To solve the questions provided regarding the economy's production functions, we need to analyze both parts (a) and (b) systematically.
Part (a): Marginal Products
We are given two production functions:
- \( Q_s = \sqrt{L_S \cdot H_S} \) (for the specific sector)
- \( Q_c = \sqrt{L_C \cdot H_C} \) (for the competitive sector)
where:
- \( L_S \) and \( L_C \) are the amounts of the mobile factor (labor) used in the specific and competitive sectors, respectively,
- \( H_S \) and \( H_C \) are amounts of specific factors in each sector.
We know that the total labor is constrained by \( L_S + L_C = 72 \).
Marginal Product of Mobile Labor (L):
To find the marginal product of mobile labor in both sectors, we differentiate the production functions with respect to \( L_S \) and \( L_C \):
-
For the specific sector: \[ Q_s = \sqrt{L_S \cdot H_S} \] Using the product rule: \[ MP_L^s = \frac{\partial Q_s}{\partial L_S} = \frac{1}{2} (L_S \cdot H_S)^{-1/2} \cdot H_S = \frac{H_S}{2\sqrt{L_S \cdot H_S}} \]
-
For the competitive sector: \[ Q_c = \sqrt{L_C \cdot H_C} \] Similarly: \[ MP_L^c = \frac{\partial Q_c}{\partial L_C} = \frac{1}{2}(L_C \cdot H_C)^{-1/2} \cdot H_C = \frac{H_C}{2\sqrt{L_C \cdot H_C}} \]

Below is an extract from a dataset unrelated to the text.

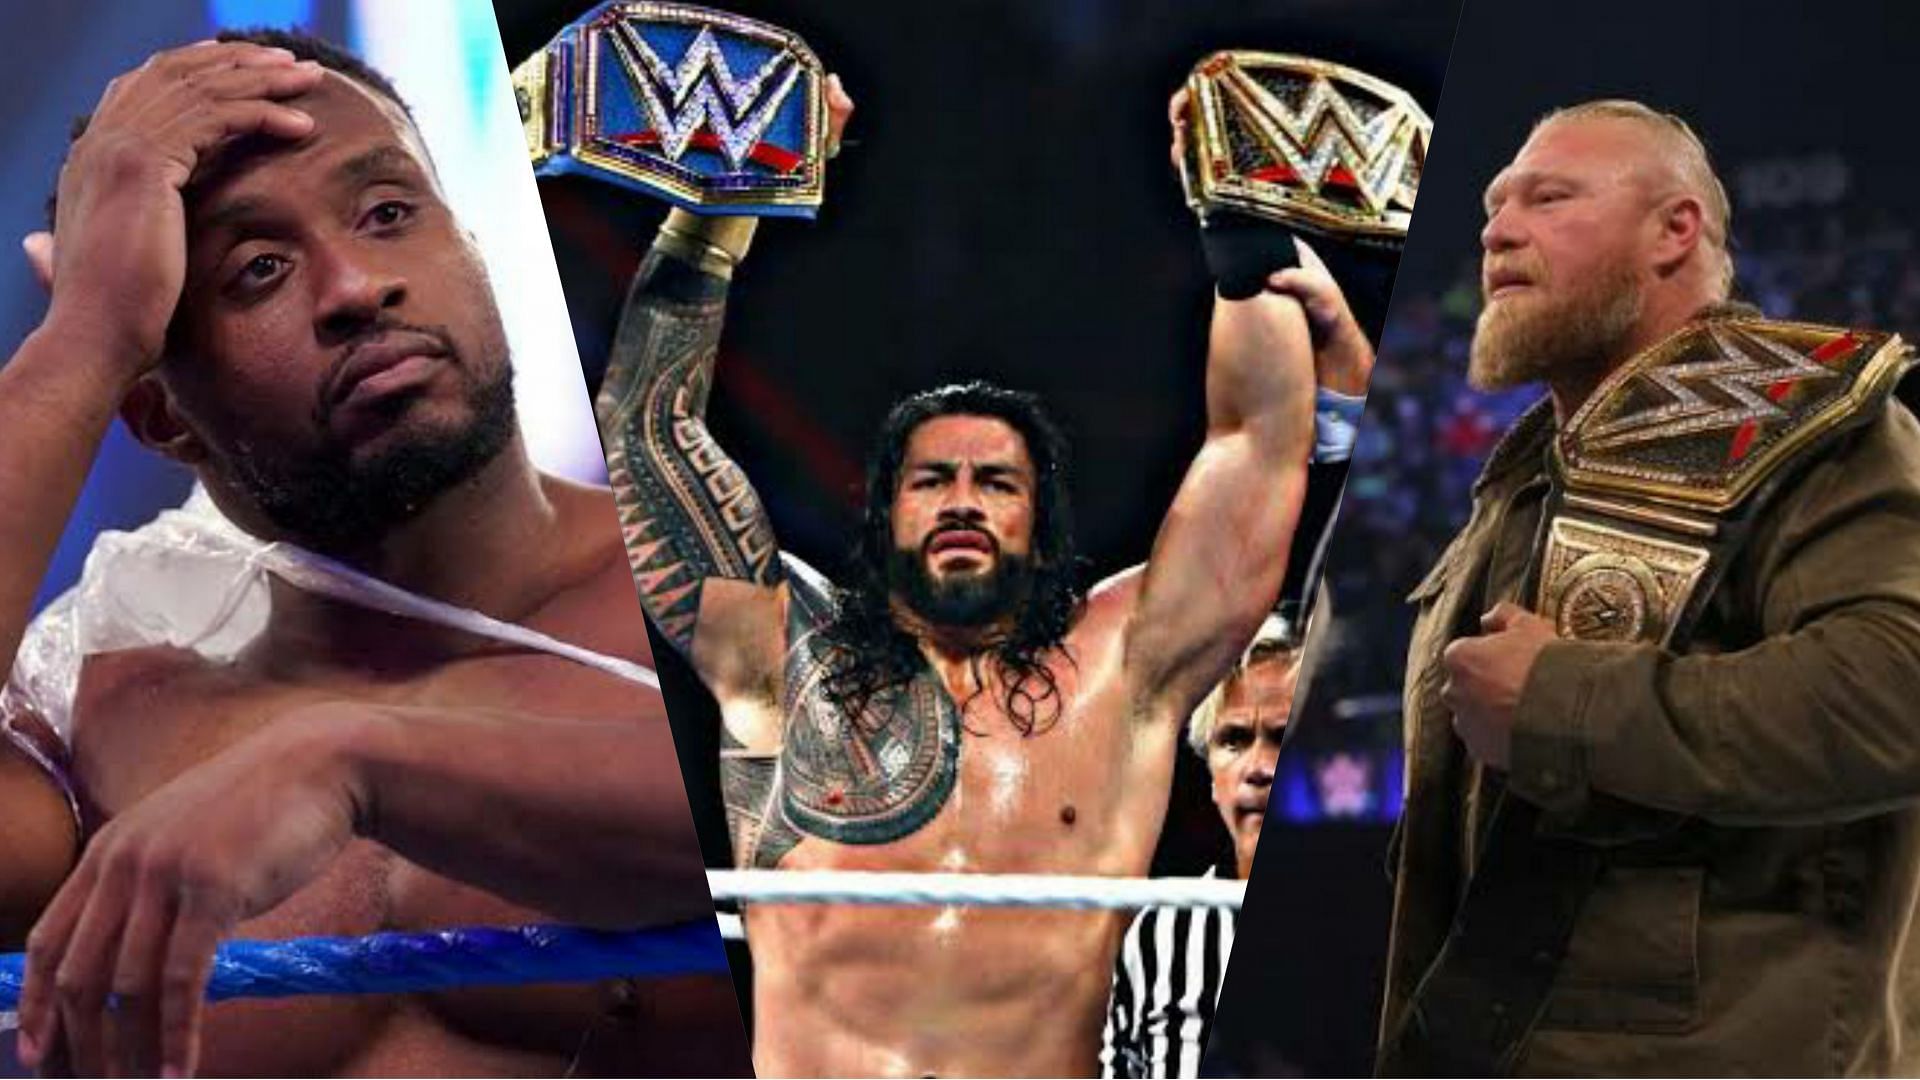 Will Roman Reigns win at WrestleMania 38? (Middle picture credits: u/c_abernethy on Reddit)
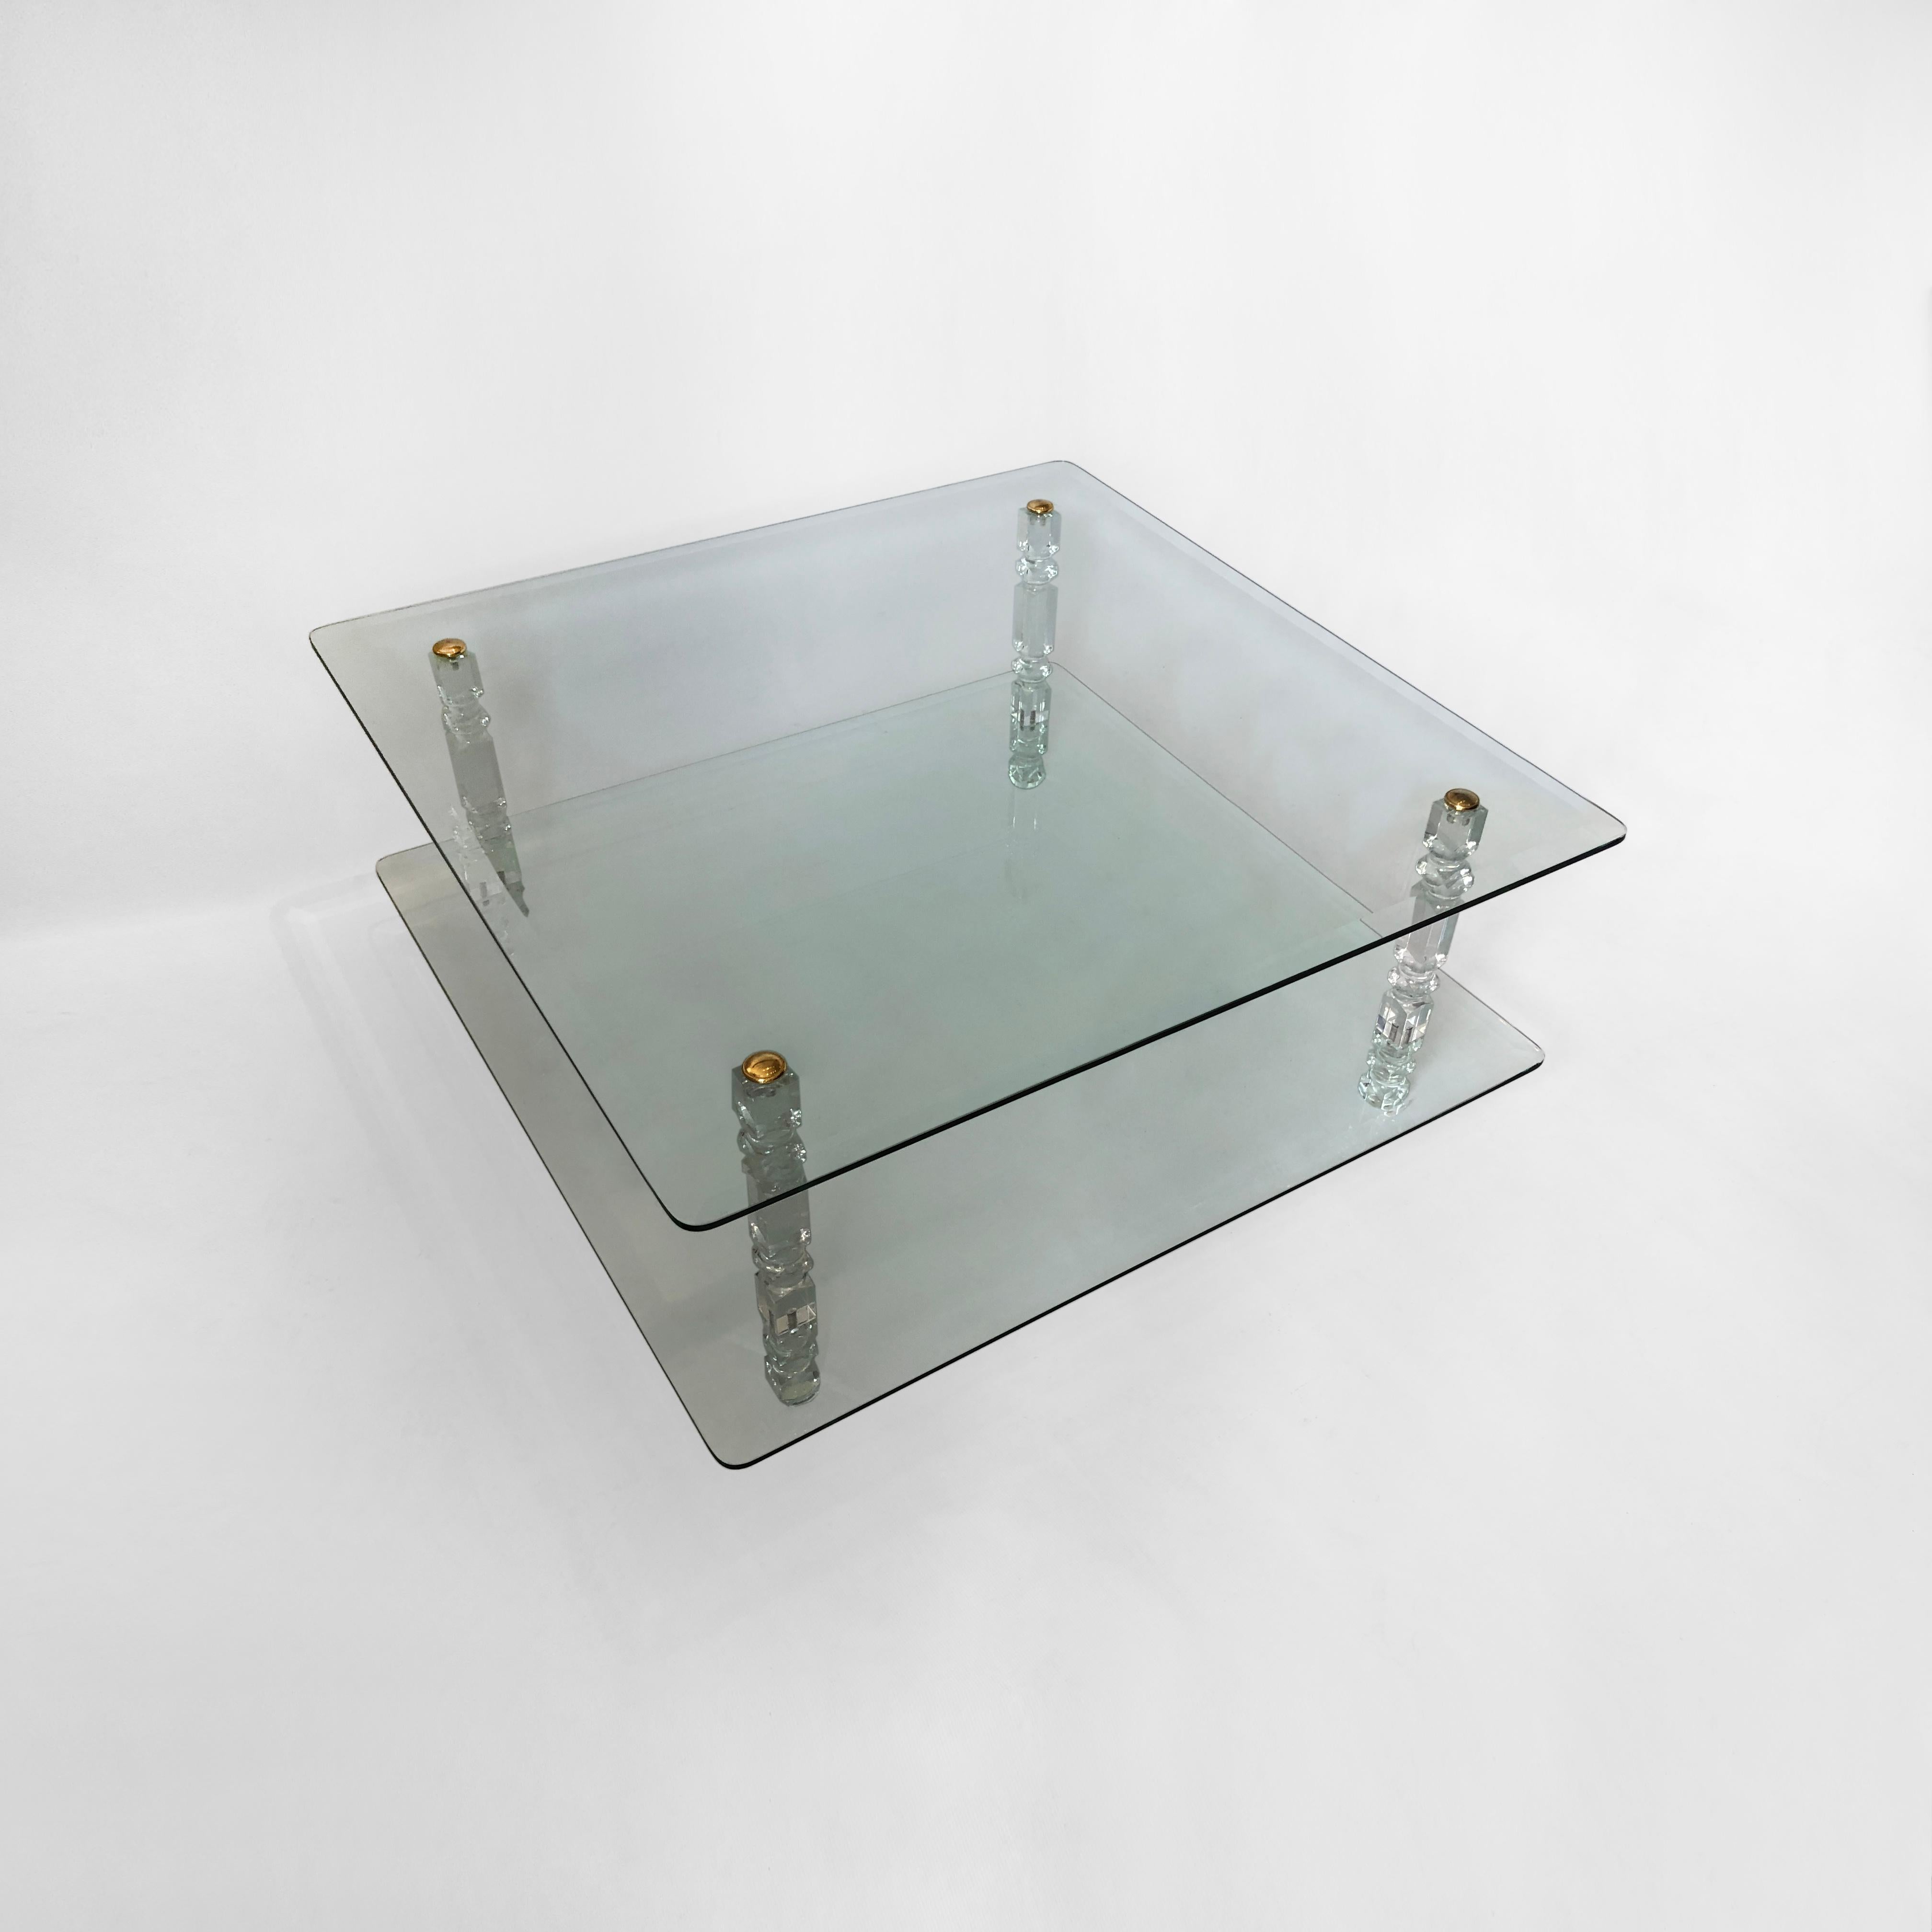 American Two-Tier Lucite Glass Brass Coffee Table 1970s Modernist Charles Hollis Jones For Sale

Marginal Product of Specific Factors:
Now, we find the marginal products of the specific factors \( H_S \) and \( H_C \):
-
For the specific sector: \[ MP_H^s = \frac{\partial Q_s}{\partial H_S} = \frac{1}{2}(L_S \cdot H_S)^{-1/2} \cdot L_S = \frac{L_S}{2\sqrt{L_S \cdot H_S}} \]
-
For the competitive sector: \[ MP_H^c = \frac{\partial Q_c}{\partial H_C} = \frac{1}{2}(L_C \cdot H_C)^{-1/2} \cdot L_C = \frac{L_C}{2\sqrt{L_C \cdot H_C}} \]
Part (b): Equilibrium Wages and Employment
Given that \( P_s = P_c = 2 \), we can derive the equilibrium wages.
Let \( W \) be the wage for the mobile factor \( L \). In equilibrium, the wage must equal the marginal products of labor in both sectors adjusted for prices:
-
For the specific sector: \[ W = P_s \cdot MP_L^s = 2 \cdot \frac{H_S}{2\sqrt{L_S \cdot H_S}} = \frac{H_S}{\sqrt{L_S \cdot H_S}} \]
-
For the competitive sector: \[ W = P_c \cdot MP_L^c = 2 \cdot \frac{H_C}{2\sqrt{L_C \cdot H_C}} = \frac{H_C}{\sqrt{L_C \cdot H_C}} \]
Since the wage must be the same in both sectors: \[ \frac{H_S}{\sqrt{L_S \cdot H_S}} = \frac{H_C}{\sqrt{L_C \cdot H_C}} = W \]
Next, we need to solve for \( L_S \) and \( L_C \). We know \( L_S + L_C = 72 \).
Using the above equations, we set them equal: \[ H_S \cdot \sqrt{L_C \cdot H_C} = H_C \cdot \sqrt{L_S \cdot H_S} \]
Squaring both sides leads to an explicit relationship that can be solved for \( L_S \) and \( L_C \). Let’s denote them using a variable \( k \) for simplification based on the assumption of equal production, and solve the system by substituting \( L_C = 72 - L_S \) into the equilibrium wage equations, but the exact movements will depend on relative factoricity.
Setting both equations leads to conditions we can solve iteratively or with substitutions directly.
Final Equilibrium Calculation
Speculative calculations assuming certain labor distribution along these conditions lead us to deploy factors and numerical methods ultimately.
Note, to find \( H_S \) and \( H_C \) values as we have fixed values suggested from the calculation leads to specific outputs.
- Solve for \( W \) using input that factors \( H_S, H_C \).
- Deduce from available constant performance approximation equilibriums between wage factors from the earlier equations charters.
This sketch can keep developing as per more specified values for labor allocations once decidable.
So, typically, we'd have to iteratively pinpoint values, so situate and figure each sector's solution iteratively as per emergent relations from the set figures.